Restoring Maxis Ville: my website from 1998
2019 Jul 04 - Brian Kloppenborg
When I was in my teens I was obsessed with Maxis video games. I spent a considerable amount of time to playing SimCity, SimFarm, SimCopter, and Streets of SimCity. I even constructed a medium-sized website dedicated to these games. These facts were lost to me until I found several old floppies, hard drives, CDs and zip disks containing partial copies of my website from 1999, 2004, 2008, and 2009. Initially I thought my old sites were of no use until I started searching for related content online. Maxis no longer features most of these games on their website, most of the large Maxis-focused websites I use to visit are gone, and many of the games were labeled “abandonware” on the Internet Archive.
I realized that my old, tattered website represented something unique that was worth preserving. Over the following three weeks I spent my evenings restoring Maxis Ville to its 1998 glory. I restored the site’s hierarchy, replaced broken links, sorted out content, search for missing files, merged things together, and discovered how quickly content is lost on the Internet. I now fully encourage the activities of places like the Internet Archive and OoCities which preserve history that would otherwise be lost.

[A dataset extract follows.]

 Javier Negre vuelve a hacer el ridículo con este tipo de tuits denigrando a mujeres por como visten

Below I detail the level of effort and tools that were required to bring Maxis Ville back from the e-graveyard. If you want to see the final result of my efforts, go check out Maxis Ville themed in its 1998 liveries.
Taking inventory
The first step in restoring the website was to take inventory of the content on hand.

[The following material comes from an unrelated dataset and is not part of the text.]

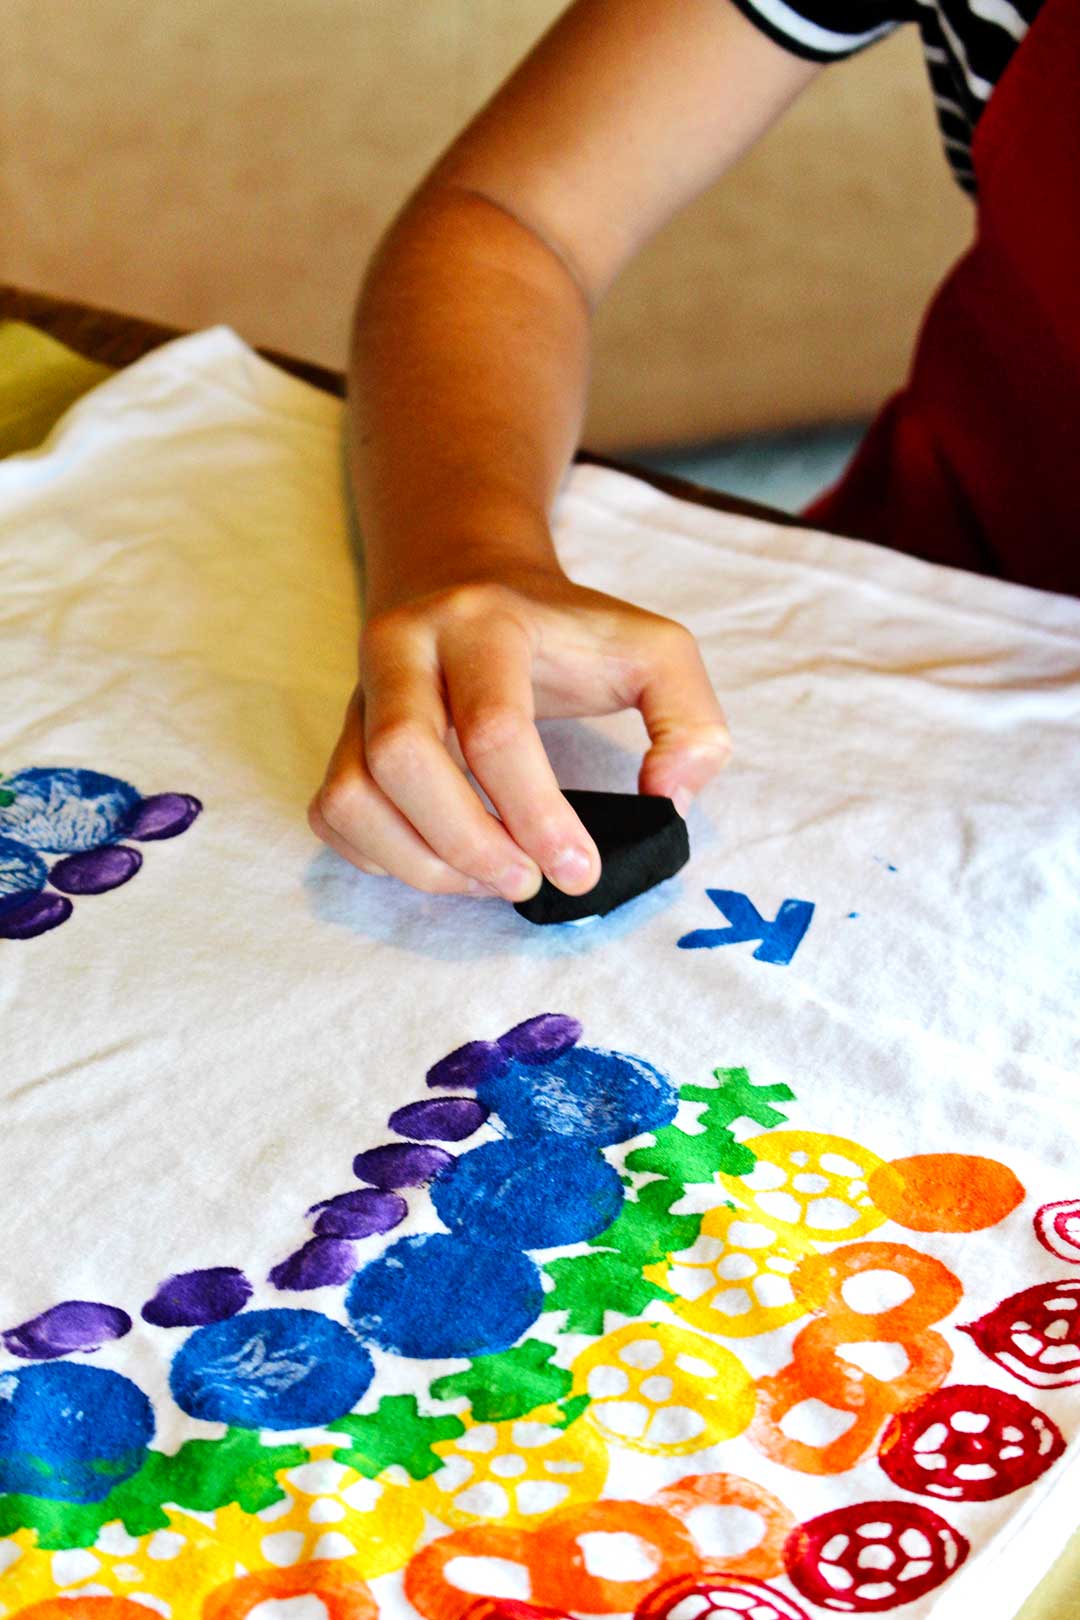 La main de l'enfant estampant des lettres bleues sur son T-shirt blanc.

- 1999 version: This copy was recovered from a zip file found on a 2008-era backup CD. It contained several HTML pages and images in a single directory. All of the game-specific content was missing and there were no downloads. The site used frames, tables with borders, and multi-colored text so it was very nostalgic.
- 2004 version: This copy was found on my home server’s hard drive. It had most of the game-specific content organized into directories and 13 zip files with DLC. Unfortunately, this version of the website required some PHP scripts to add a header, footer, and the navigation menu to the rendered files and all of this was missing.
- 2008 version: This copy contained drafts of pages that never made it to the main website, several downloads for TheSims and SimCity 3000, and archival copies of other websites (GameSpot’s SIMply Devine story about Maxis, SimStuff, SimEden, and Peter’s place in particular). It also held the aforementioned zip file of the 1999 website. Unfortunately, the CD was burned in ISO 9660 format, so all of the filenames are horribly mangled.
- 2009 version: This version shared many similarities with the 2008 copy; however, it contained substantially less content.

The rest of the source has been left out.